Is my point unsupported?
IF I were trying to support some sort of important point with this user total, I would agree with the link that it is not scientific evidence and quit using it to support points, but this is N/A because if you look closely, you'll see that I am not using this as support to convince anybody of anything. My entire purpose was to verify to myself my perception that LessWrong isn't just someone's personal website with their buddies on it, that a significant number of people have actually gathered around themes like rational thought. I was overjoyed when I discovered this and wanted to share. Maybe this post will get the attention of someone who has the ability to issue a count command to the database. That's the only way we can know for sure. Though, of course, the user totals will change over time, becoming inaccurate quickly. Hopefully by increasing. (:
There are lots of lurkers on Less Wrong:
http://lesswrong.com/lw/1np/attention_lurkers_please_say_hi/
Another problem with your methodology is that prolific users typically have many pages associated with them that lack the text "submitted by" or "comments by" on them. You can access these pages by going the user's main page, scrolling down, and clicking the little "Next" link in the lower left.
Multiple pages aren't being counted. From what I understand, Google doesn't just follow dynamically generated next links like that. It spiders, going around in a web-like pattern. How many times would it end up visiting the same pages if it followed every comment to it's original discussion? A lot. That would be a waste of resources.
To test this, I looked at the url that appears when you press the next button. The site adds some pagination variables into the URL. The word "count" appears. So, you can do the following query and observe the following things:
site:lesswrong.com/user -"submitted by" -"comments by" -count
site:lesswrong.com/user -"submitted by" -"comments by" -com (for comparison)
And observe:
A. It does not divide the number of results into a small fraction of the original number like you'd expect it to. We're comparing 9,820 total users with the original method (at this moment) with 9,460.
B. Removing "com" from the query shows zero results which verifies that adding -count would be removing pages generated in those next links, had they been included.
C. If you click on random pages of Google results, you won't see those count and after variables in the URLs (Or at least I didn't and I feel fairly confident that they won't be there.)

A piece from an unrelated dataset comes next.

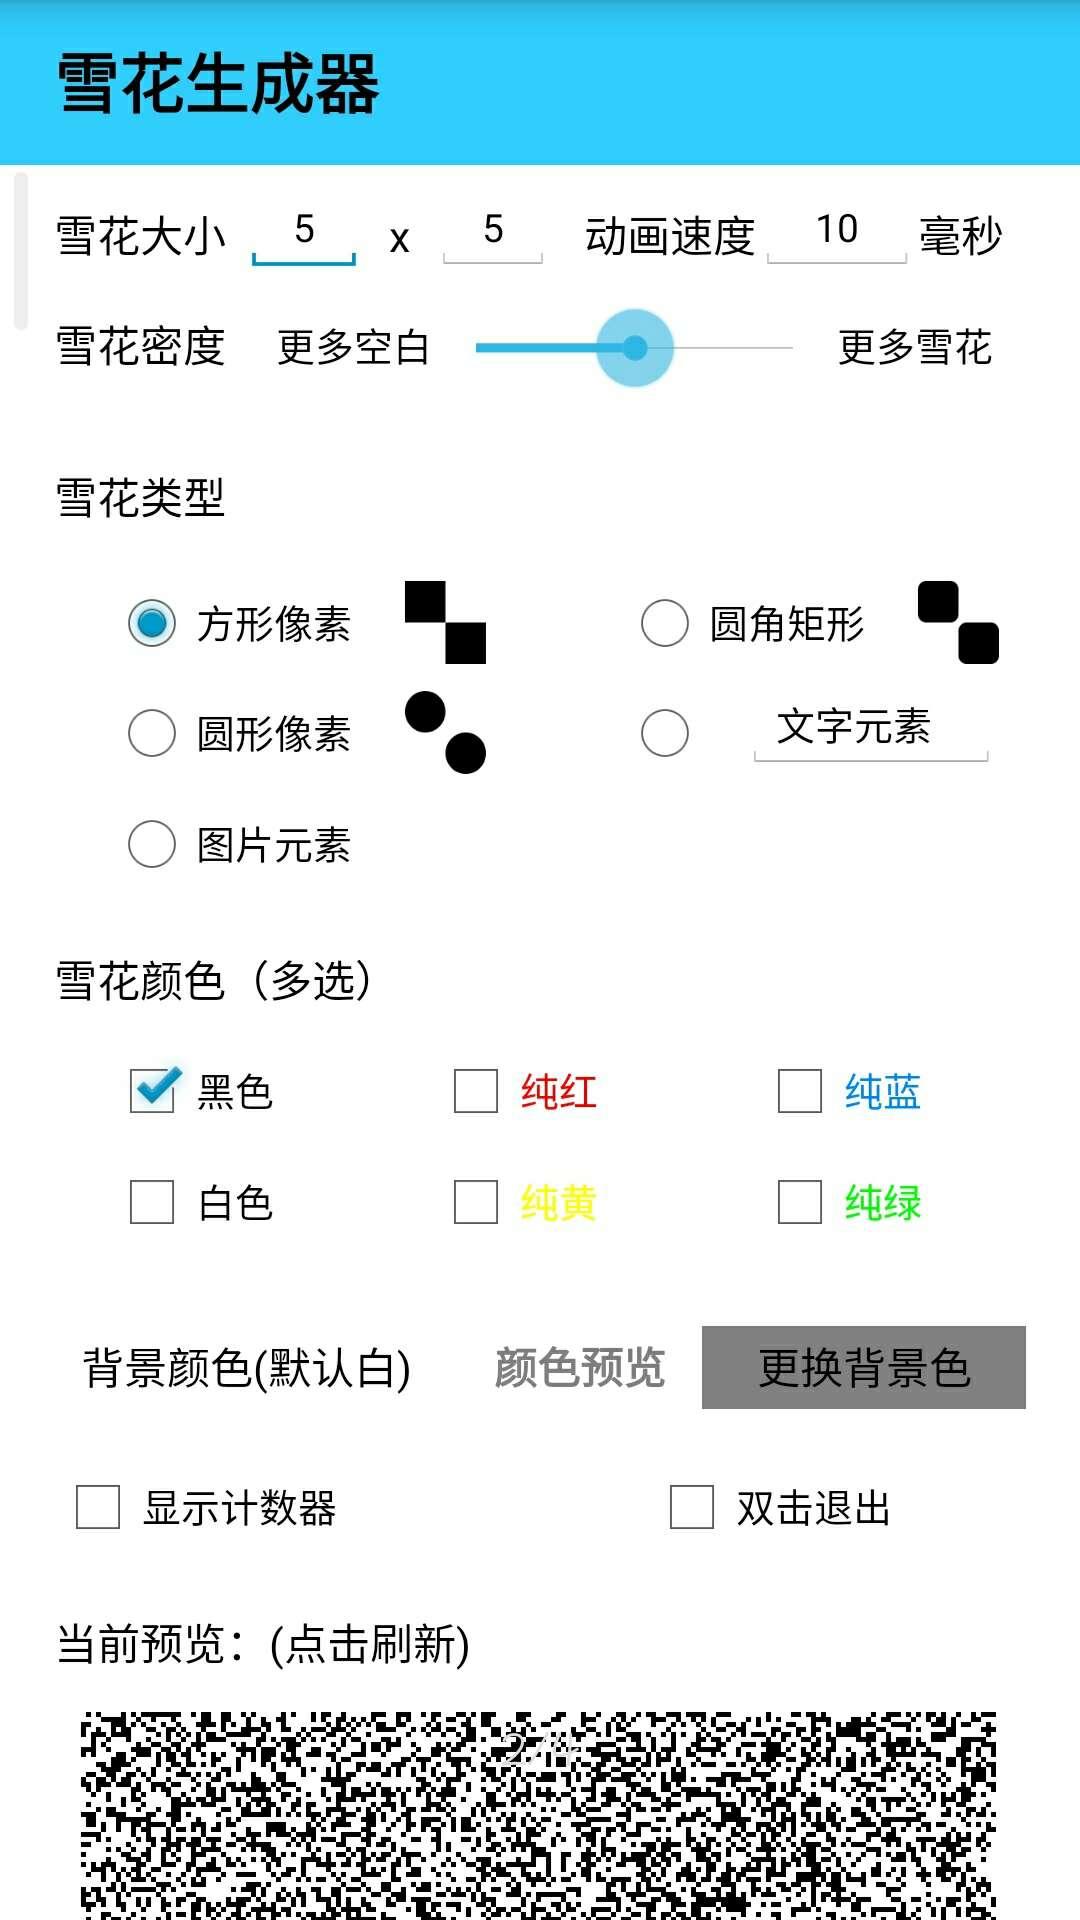 【分享】雪花生成器 0.1-爱小助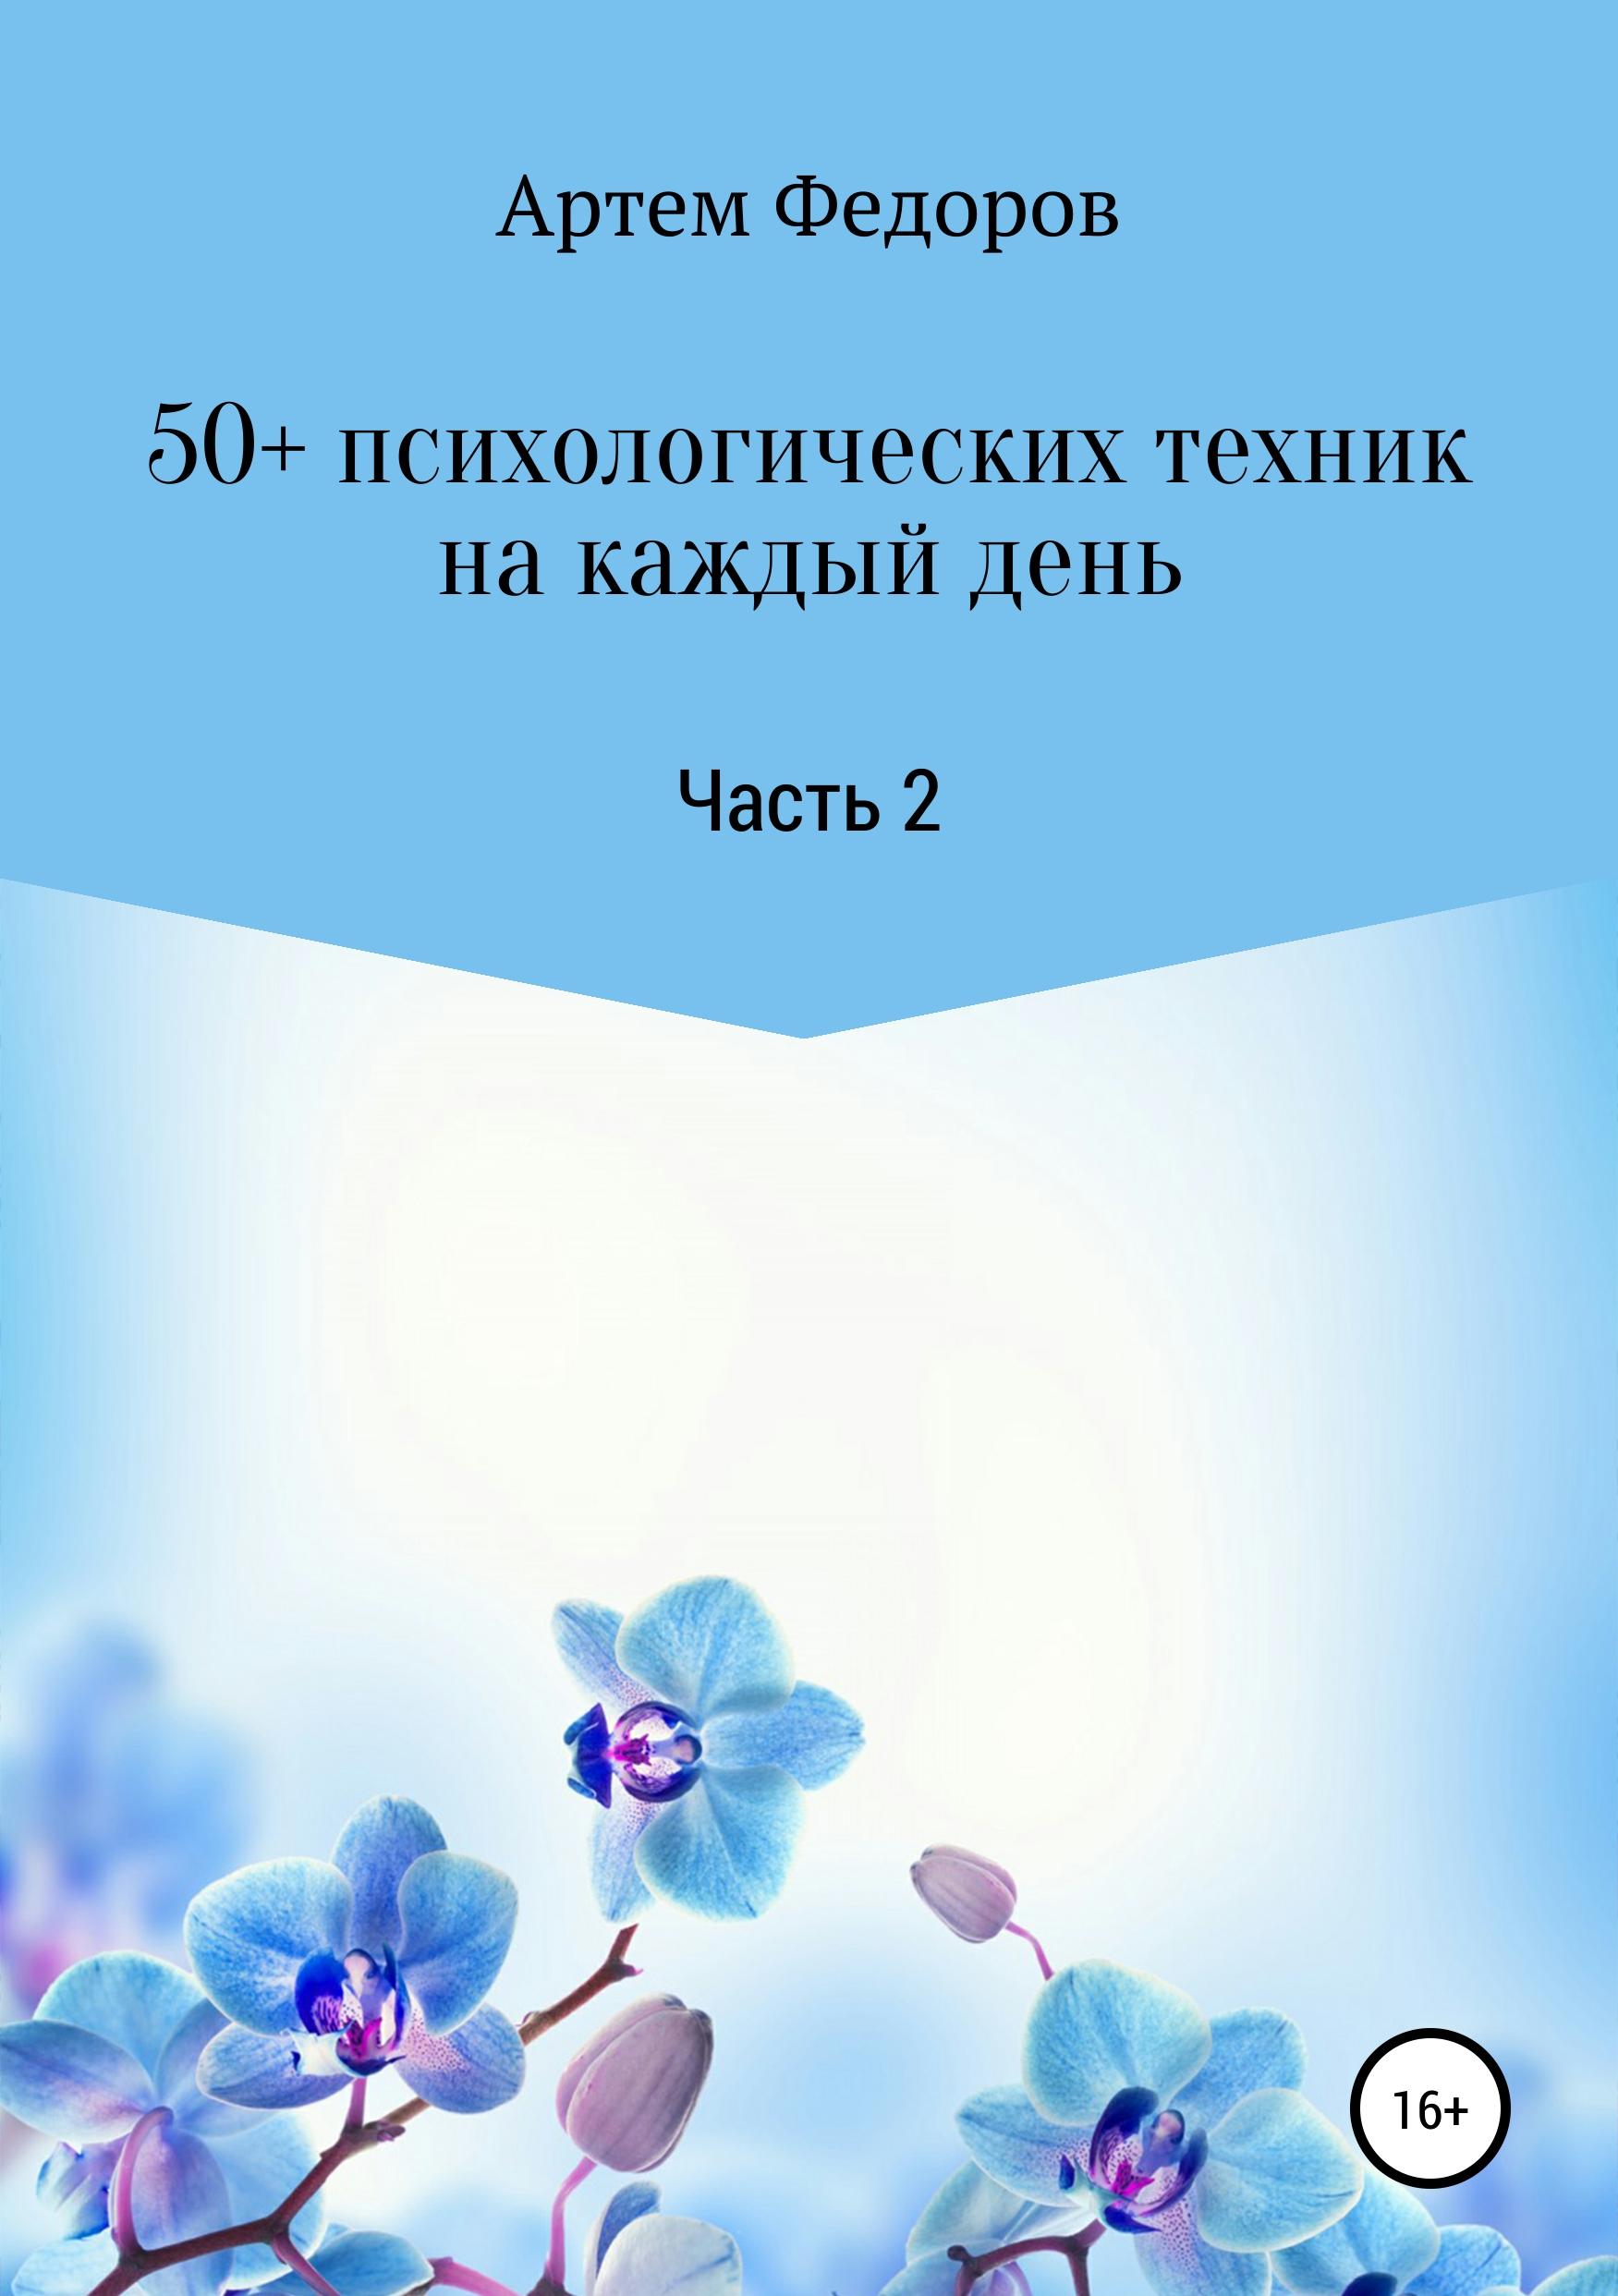 50+ психологических техник на каждый день. Часть 2

D. If Vladmir is correct in this post then just looking at one of those lines where the user's comments are totaled (the line where 900 have 25 comments) reveals that, by removing "count" from the query, we should have lost at least 1800 from the total. Nowhere near that many were lost, and a lot more should have been lost than that because I only subtracted a tiny fraction of the comments pages on this site in the example.
Google doesn't just follow dynamically generated next links like that
I'm pretty sure Google normally does follow dynamic links. In this case, though, it doesn't, since they are marked nofollow
.
I was excited to find this site, so I wanted to know how many people had joined LessWrong. Was it what it seemed - that a lot of people had actually gathered around the theme of rational thought - or was that just wishful thinking about a site that a guy with a neat idea and his buddies put together? I couldn't find anything stating the number of members on LessWrong anywhere on the site or the internet, so I decided it would be a fun test of my search engine knowledge to nail jello to a tree and make my own.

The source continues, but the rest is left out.